As we know, the learning rate is a hugely impactful parameter when training neural networks. Instead of having a flat learning rate over the entire course of training, the ADAM optimization algorithm is an adaptation of stochastic gradient descent {SGD} that modifies the learning rates used for each parameter over the course of training based on the moving average of the gradient - $dLoss/dp$ - and the moving average of the squared gradient - $dLoss^2/dp$. The basic idea behind this is that if your parameter {gradient} keeps on going in the same direction, you can expect that it will keep going in the same direction, and it'd be useful to increase your learning rate to get there fast. Alternatively, if your gradient is sort of bouncing around, then you probably want a smaller learning rate so you can settle into a more delicately optimized paramter value. ADAM didn't actually introduce this concept {often referred to as momentum}, but was novel for using parameter-specific adaptive learning rates in combination with these moving averages of gradients and squared gradients.
ADAM tends to perform very well in practice and is quite popular. Because of the adaptive learning rates, it tends to require less learning rate tuning and tends to converge faster than traditional SGD. It also, I believe, can be combined effectively with other optimization approaches, like learning-rate schedulers {e.g. one-cycle-policy}. Usually, the weight given to the moving averages is set to about 0.9 for the average gradient and 0.999 for the average squared gradient - i.e. the latter relies most heavily on the moving average, because squared values can be very bouncy and have high variance.
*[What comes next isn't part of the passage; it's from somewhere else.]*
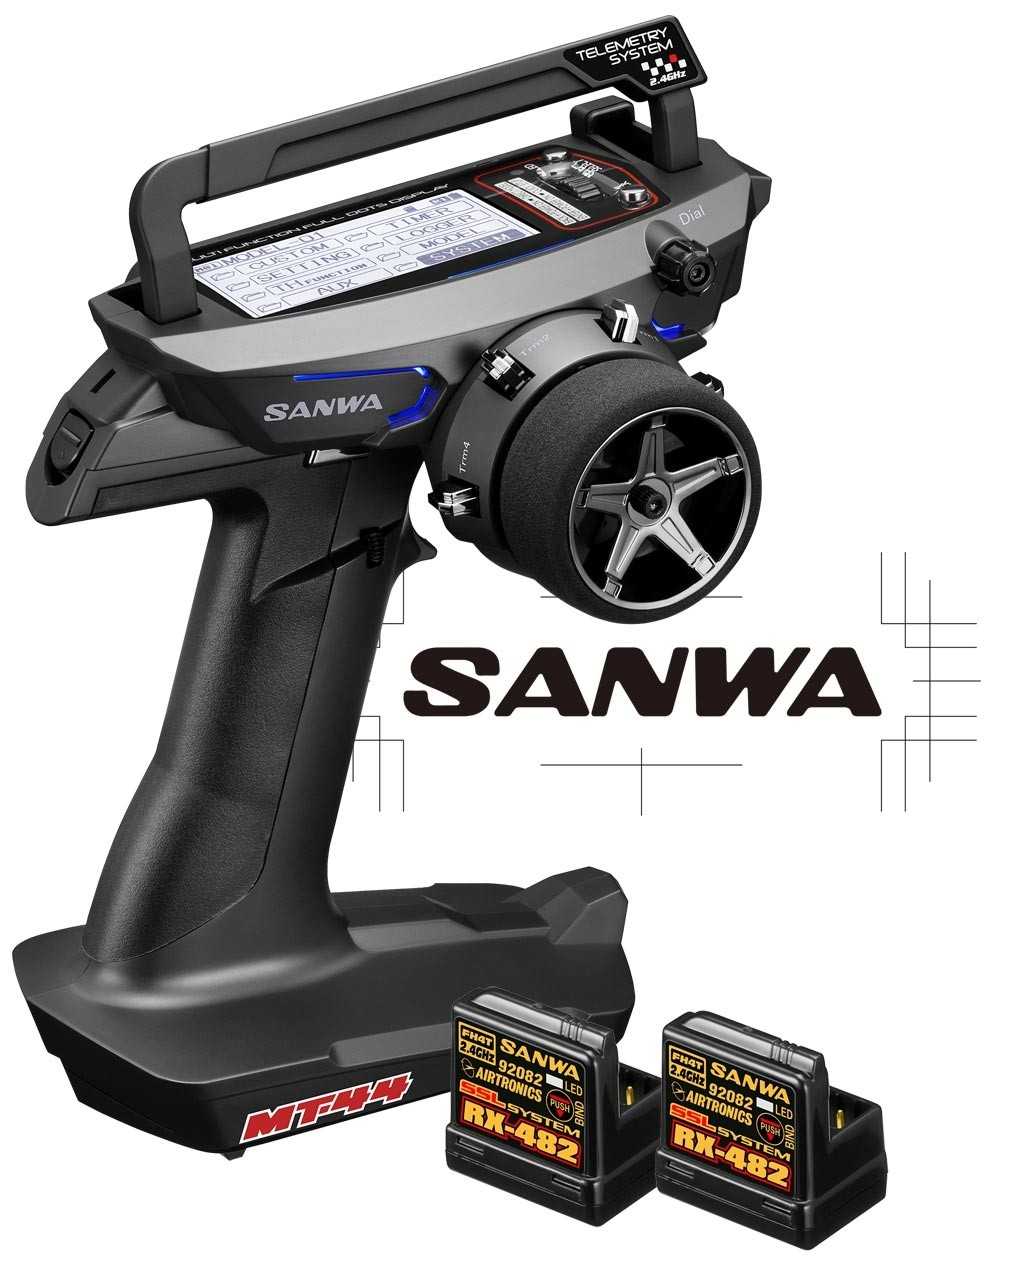 SANWA RADIO MT-44 PC + 2 RECEPTEURS RX482, 101A32171COMBO
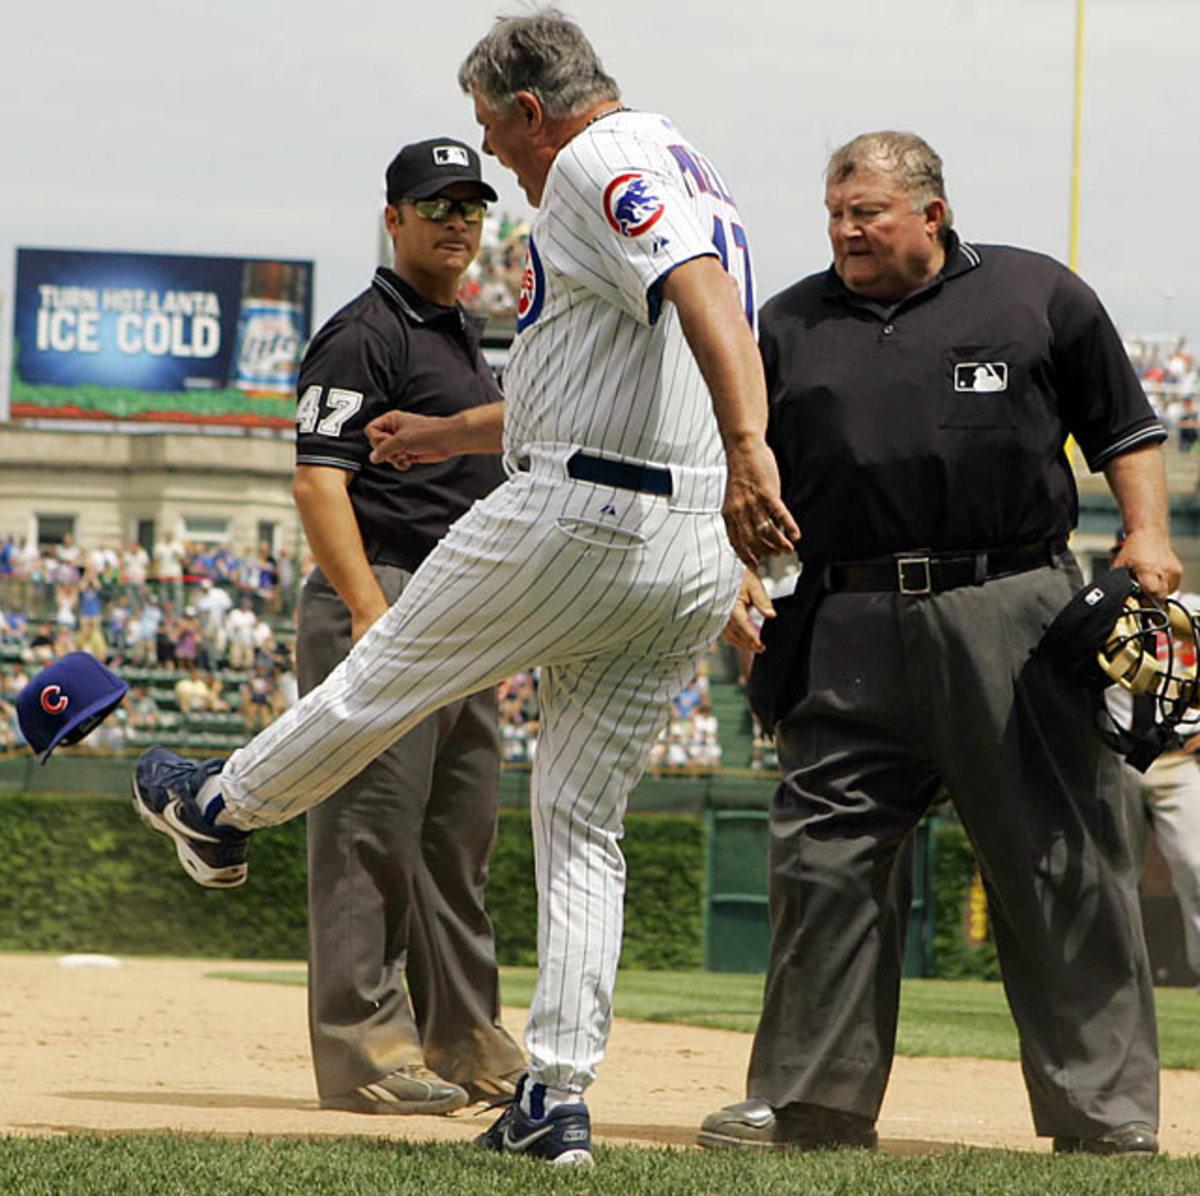 2007.lou-piniella.Baseball.jpg

"Adam: A Method for Stochastic Optimization" is a seminal paper that introduces the Adam optimization algorithm, an efficient method for adapting learning rates for each parameter in a neural network model. The key difference between Adam and earlier first-order gradient-based optimization methods, like stochastic gradient descent {SGD}, is that Adam computes adaptive learning rates for different parameters using estimates of first and second moments of the gradients, while SGD uses a fixed learning rate for all parameters.
In more detail, the Adam algorithm calculates an exponential moving average of the gradient and the squared gradient, and these moving averages are then used to scale the learning rate for each weight in the neural network. The moving averages themselves are estimates of the first moment {the mean: $ \frac{1}{n}\sum_{i=1}^{n} x_i$} and the second raw moment {the uncentered variance: $\frac{1}{n}\sum_{i=1}^{n} x_i^2$} of the gradient.
The algorithm is defined as follows:
Initialize the first and second moment vectors, (m) and (v), to 0.
For each iteration (t):
a. Obtain the gradients (g_t) on the current mini-batch.
b. Update biased first moment estimate: (m_t = \beta_1 m_{t-1} + (1 - \beta_1) g_t).
c. Update biased second raw moment estimate: (v_t = \beta_2 v_{t-1} + (1 - \beta_2) g_t^2).
d. Compute bias-corrected first moment estimate: (\hat{m}_t = m_t / (1 - \beta_1^t)).
e. Compute bias-corrected second raw moment estimate: (\hat{v}_t = v_t / (1 - \beta_2^t)).
f. Update parameters: ( \theta_{t+1} = \theta_t - \alpha \hat{m}_t / (\sqrt{\hat{v}_t} + \epsilon)).
Here, (\beta_1) and (\beta_2) are the decay rates for the moving averages {typically set to 0.9 and 0.999, respectively}, (\alpha) is the step size or learning rate {typically set to 0.001}, and (\epsilon) is a small constant added for numerical stability {typically set to (10^{-8})}.
One of the major advantages of Adam over traditional SGD is that it requires less tuning of the learning rate and converges faster in practice. It is also invariant to diagonal rescaling of the gradients, which makes it well-suited for problems with sparse gradients or with noisy and/or sparse updates.